I Light Up My Life: The Mark Sam Celebrity Autobiography
nytheatre.com review by Martin Denton
August 13, 2011
I Light Up My Life, Mark Sam Rosenthal's "preemptive celebrity autobiography," blends arch parody of an archetypal celebrity-obsessed/self-obsessed psyche with a more conventional autobiographical/confessional solo show esthetic; the result is not especially successful. Rosenthal begins the show by entering through the same doors that the audience just came through, loaded down with shopping bags, mouthing "you came!" at us and making me wonder where he thought we came to, and where he thought he was, and where we were supposed to think he had just been.
And then he drops that layer of artifice to enter, comfortably, a more conventional one: settling down into a chair, he starts reading to us from his faux-memoir, a thick hard-back book entitled "I Light Up My Life." This device—that he is sharing stories from his life, which have been published even though he is not yet the celebrity he claims to want to become—frames almost all of the rest of the show. (Inexplicably, he ventures to a microphone once in a great while to share, performance-art-ily, things like "My Morning Ritual" or "A Few of My Favorite Things.")
The tone of the memoir wavers between a pretended arrogance/snobbery that represents the nearly nascent celebrity that our hero aspires to and a more appealing and vulnerable (and presumably more authentic) version of Mark Sam Rosenthal. The actor's accent (he is from Baton Rouge, Louisiana) drifts in and out along with the two personas. I kept longing for more of the real Rosenthal, and for more depth and detail in the anecdotes he imparts: something to grab onto to make me care about this person sharing so much with me; something universal to identify or empathize with beyond the surface recitation.

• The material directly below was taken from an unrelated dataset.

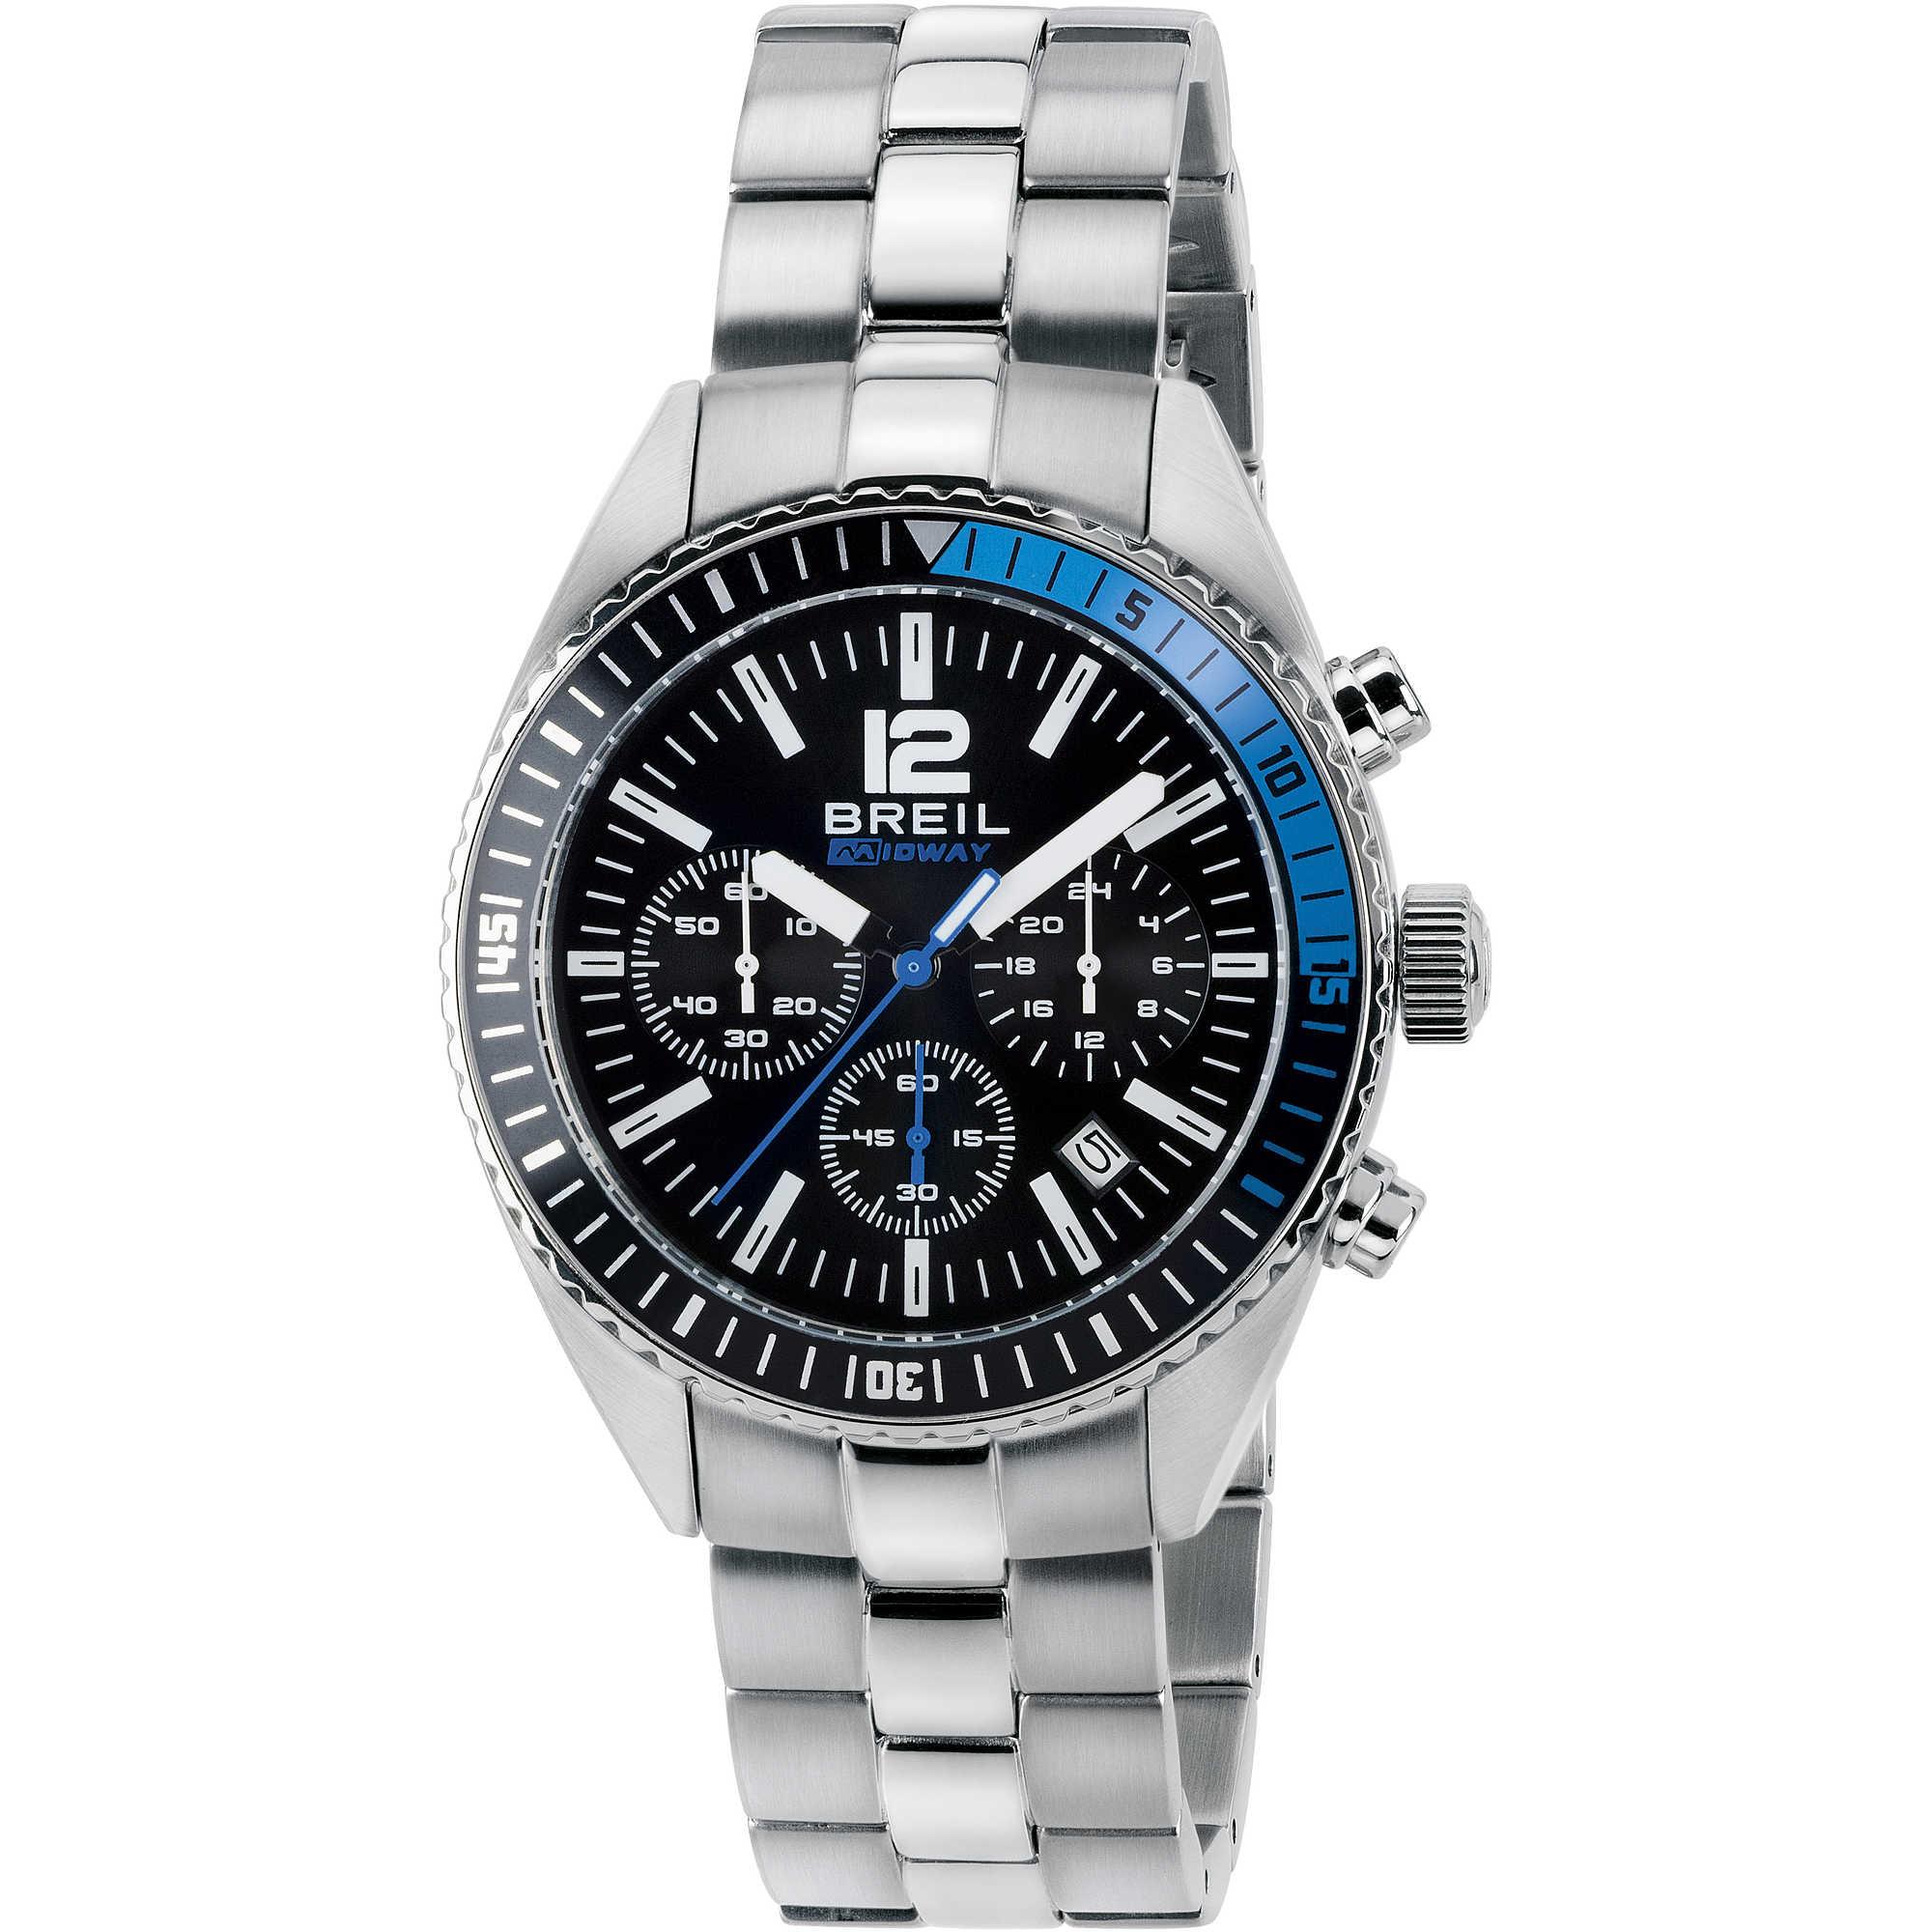 più recente 32990 5ff5a orologio cronografo uomo Breil Midway TW1633

Because what we do learn is interesting and suggestive. Rosenthal is the son of a Jewish father and an aristocratic Southern Methodist mother (and the religious differences clearly matter to him, though we never learn why). He tells us that his mother was unhappy and that she wanted to help him "over" being gay by urging him to play sports; the gaping subtext is not explored. He reveals that his father died of AIDS, and that he made a gay porn film and likes unprotected sex with men (that's on his list of "favorite things")—the connections that popped out at me are never addressed.

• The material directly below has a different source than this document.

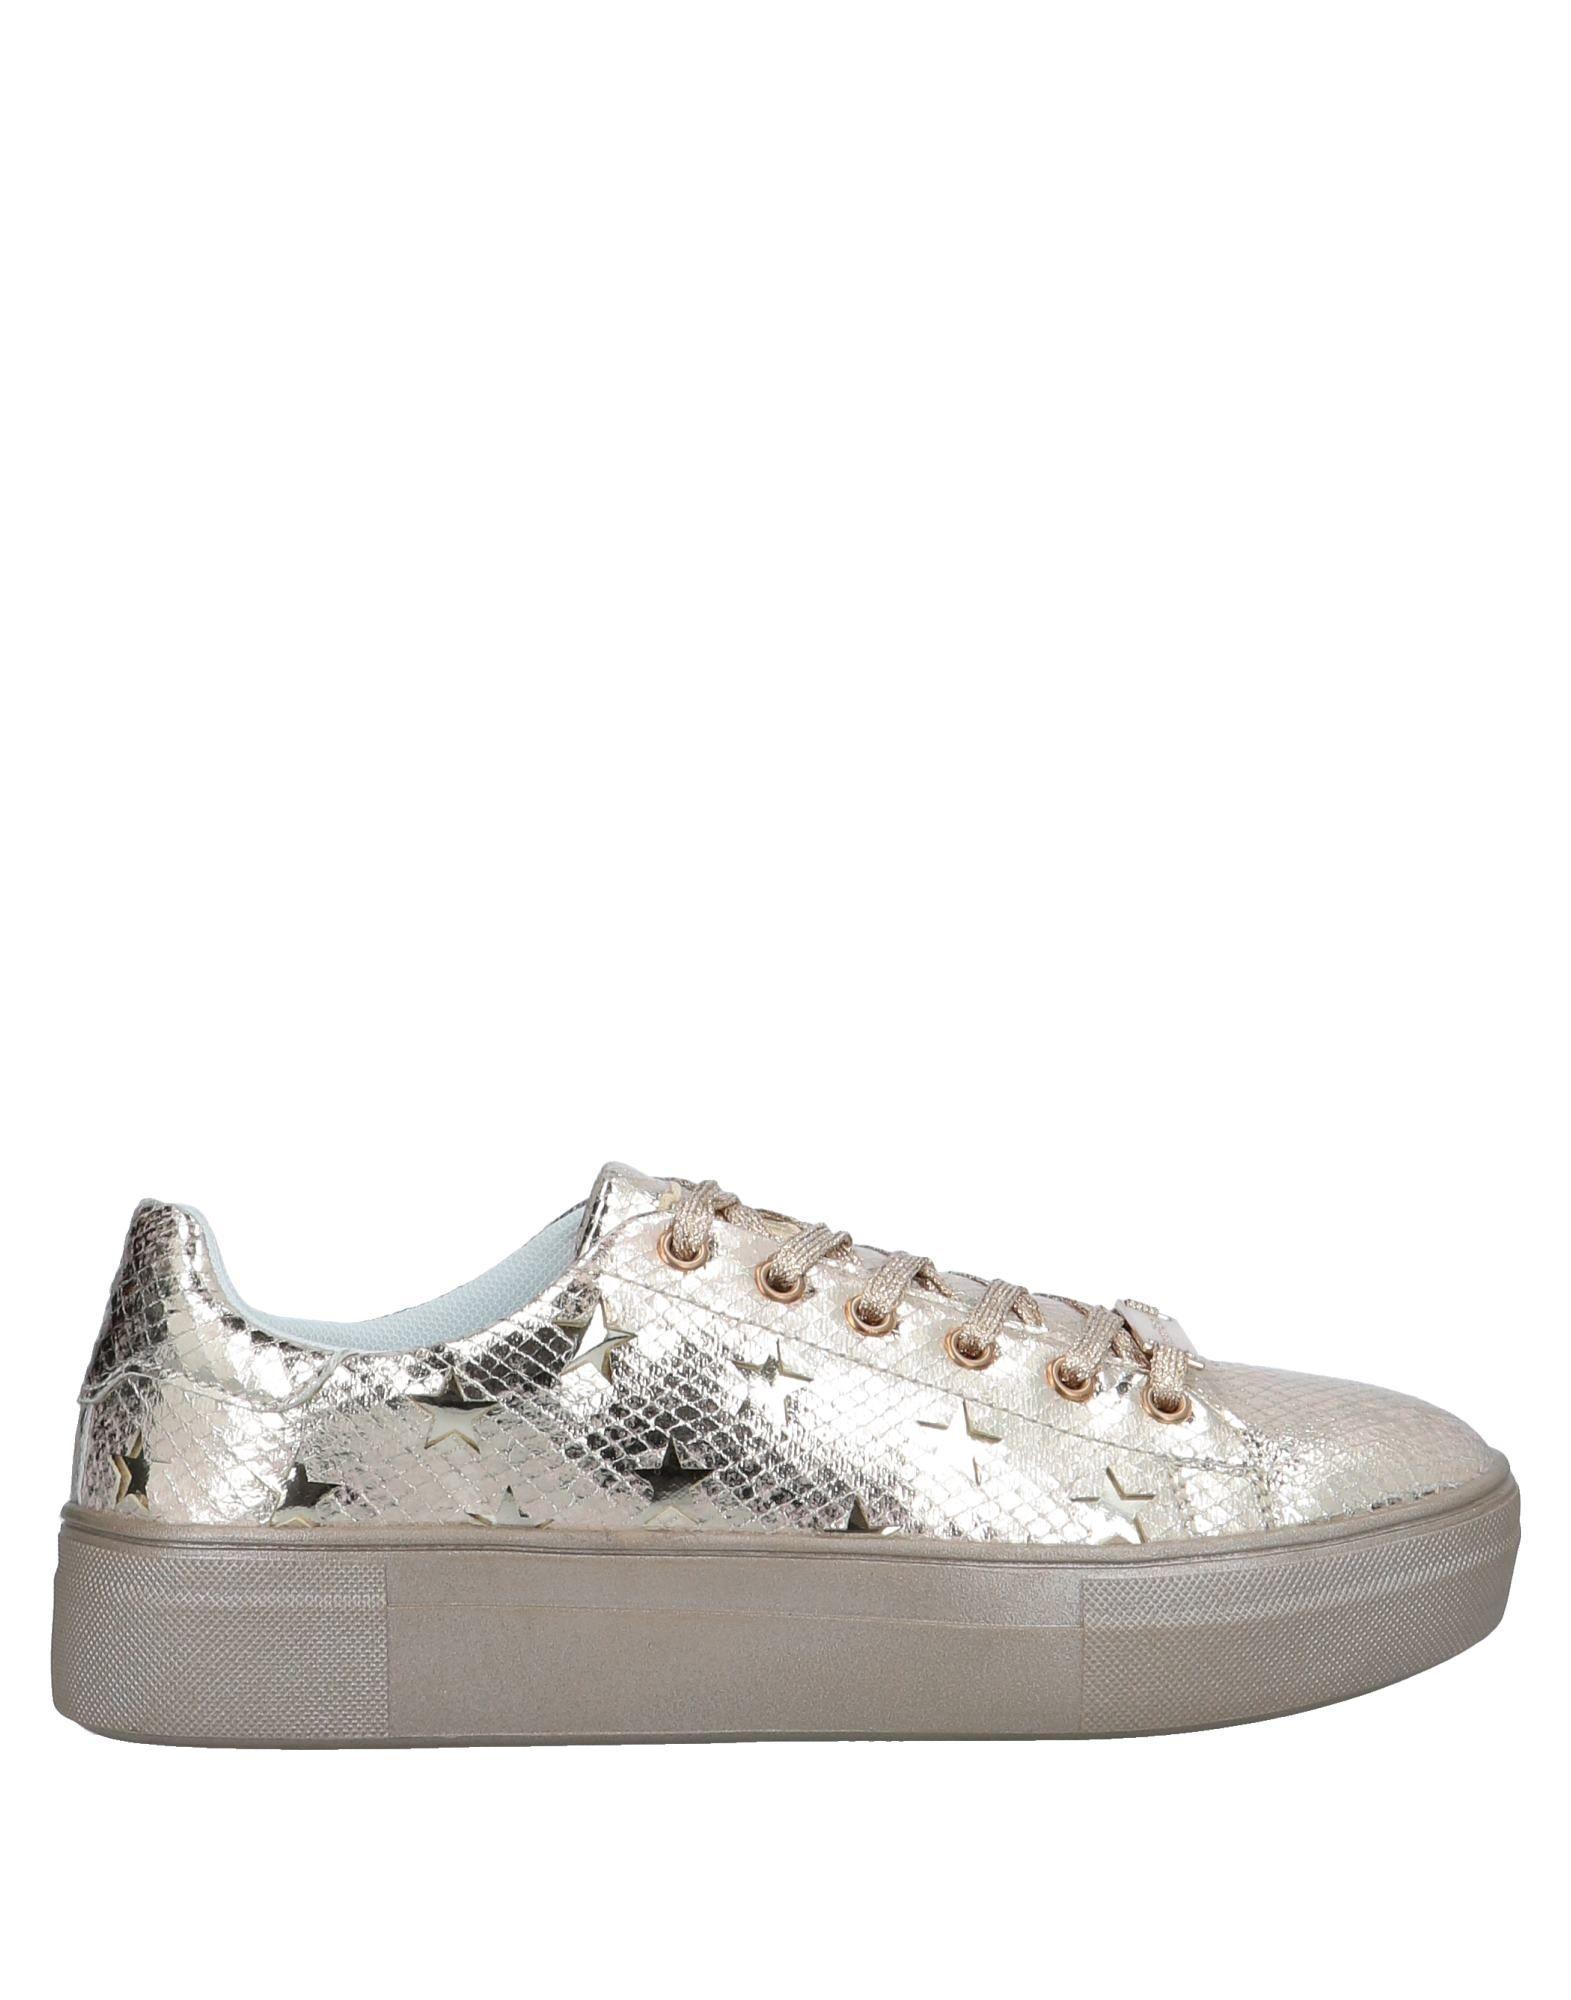 Laura Biagiotti Sneakers - Women Laura Biagiotti Sneakers - online on  Australia - Sneakers 11570262HT 61d95e

Ultimately, what we're left with is a dose of vapid egoism, which may well be the point as the show's intended target is celebrity autobiography. But the Mark Sam Rosenthal lurking underneath seems more interesting and worth spending time with than the satirized over-the-top creation who remains the focus of this piece.
The ending—a karaoke version of "Stars" from Les Miserables—is just bewildering.

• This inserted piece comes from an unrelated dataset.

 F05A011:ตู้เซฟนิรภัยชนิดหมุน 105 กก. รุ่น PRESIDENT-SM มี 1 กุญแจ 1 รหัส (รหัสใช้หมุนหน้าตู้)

Todd Parmley, who also directed Rosenthal's previous FringeNYC show, the hit Blanche Survives Katrina in a FEMA Trailer Named Desire, does not provide much in the way of pacing or variety (save the ponderous trips to the mic). And Rosenthal's writing here, though arch and clever, is also very distancing and alienating. I had come with high expectations, given all the good buzz I'd heard about Blanche (which I didn't get a chance to see). I left feeling that I knew Rosenthal even less well than when I came in.